A high hockey IQ and an ability to read plays are two more of Ross’ strengths.
“I’d say I know what’s going to happen before it happens, even with the other team, so I can position myself correctly,” Ross said.
Team Colorado 19U defender Sydney Luttrell noted that Ross has a really good, hard and accurate shot, too.
Being a speedy 5-foot-9 forward, Ross can reach pucks quickly, and it’s difficult for opponents to knock her off the puck, Luttrell said.
“She definitely uses her size to her advantage,” Luttrell added. “And she just has a really good hockey sense. She’s able to see a play developing, and able to read and react to that play, rather than the play happening and then she reacts.”
Ross described herself as a player who sets up her teammates for goals, saying she's likely to get more assists than goals.
Ross returns home after developing her skills while participating in highly competitive hockey each weekend across the past three seasons at NAHA. According to the academy's website, she tallied nine goals and 14 assists in 37 games with the Red team in the 2018-19 season, and had 10 goals and eight assists in 56 games with the White team the next year.

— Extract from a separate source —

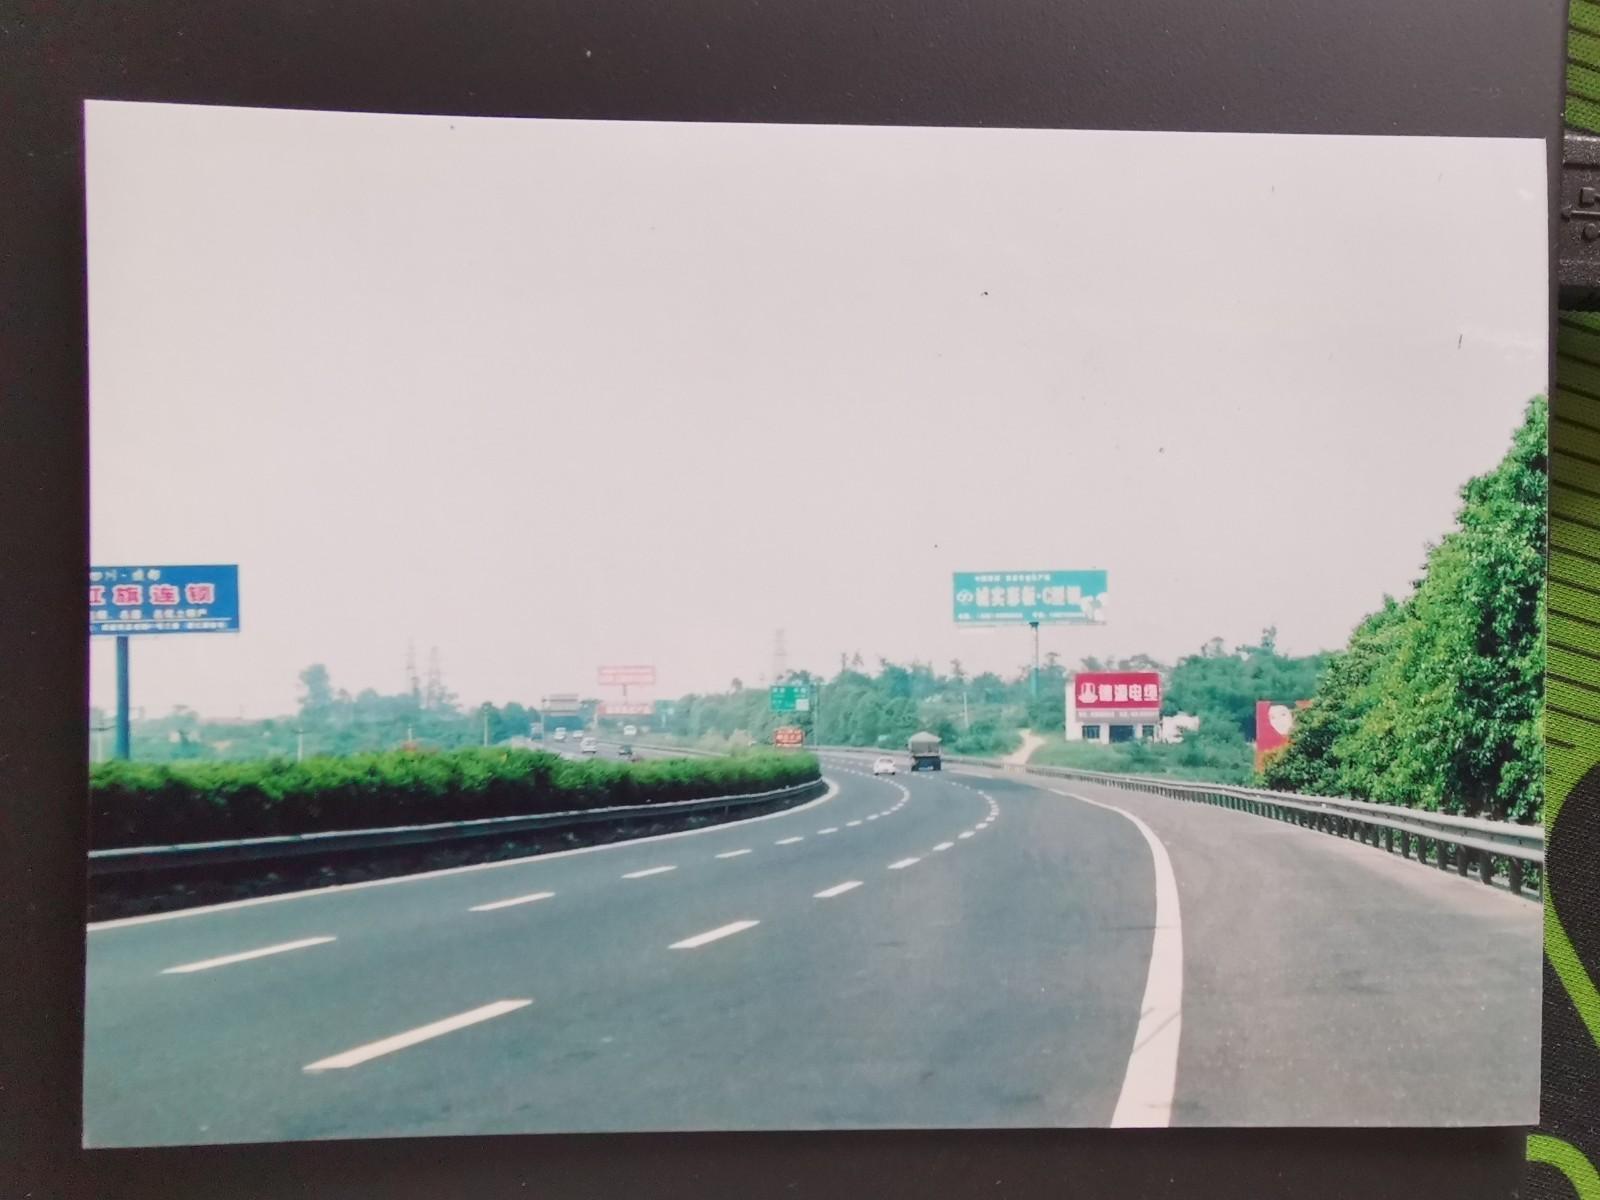 成绵高速路高立柱广告牌

She was also selected to participate in two USA Hockey development events: the Girls 16/17 camp in 2019 and the Girls 15 camp in 2018.
While a member of the NAHA Winter Hawks, Ross faced many of the opponents that Team Colorado will play this season, and she can help give insight to her teammates so they can adjust on the ice against those opponents.
“(Ross) just has a really good hockey sense. She’s able to see a play developing, and able to read and react to that play, rather than the play happening and then she reacts.
Team CO 19U defender
Ross decided this year — her senior year — was a good time to stay home in Littleton and play locally, while still being able to develop her game, she said.
“I saw with the new coaches and just a new team, basically, the development was getting much better and there was just more promise for Team Colorado as a whole and the whole program,” Ross said.
It was the combination of Team Colorado getting a new coaching staff and seeing the team in action at multiple tournaments last season that attracted Ross to the program as well, she said. She could see how different and how much better the team looked last season.
Of course, getting to sleep in your own bed after hockey practice is a perk, too. Ross said it’s nice to come home from practice and be around her family.
Her teammate and friend, Luttrell, also made the return to Colorado for her senior season. From Brighton, Luttrell spent her sophomore and junior years playing for the Madison Capitols in Wisconsin before deciding to join Team Colorado this year. Ross and Luttrell have known each other for about four years, but this is their first year playing together.
Playing out of state and away from home was one of the biggest challenges, Ross said. Being away from home for months at a time since her freshman year in high school really caught up to her the past year, she added.
Ross also battled some injuries while she was away. She tore her Achilles tendon twice — once in her freshman year and again in her junior season, keeping her out of hockey for a minimum of three months each time. She also separated her shoulder a few times during her sophomore season. It was difficult to be at NAHA nursing those injuries, she said.
“So I couldn’t really come home and distract myself from not being able to play,” Ross said. “It was definitely tough at first, but then I realized that I’ve got to stick it out in the long run to be able to come back strong to help the team out.”
Ross leads by example and comes to the rink to get stronger, better and not mess around, Luttrell said. She’s also there to offer kudos for teammates when they do something well, or remind them to focus if needed, Luttrell said.
She also can influence teammates without uttering a word.
“Her game does the talking, for sure, from a leadership standpoint,” Bohn said.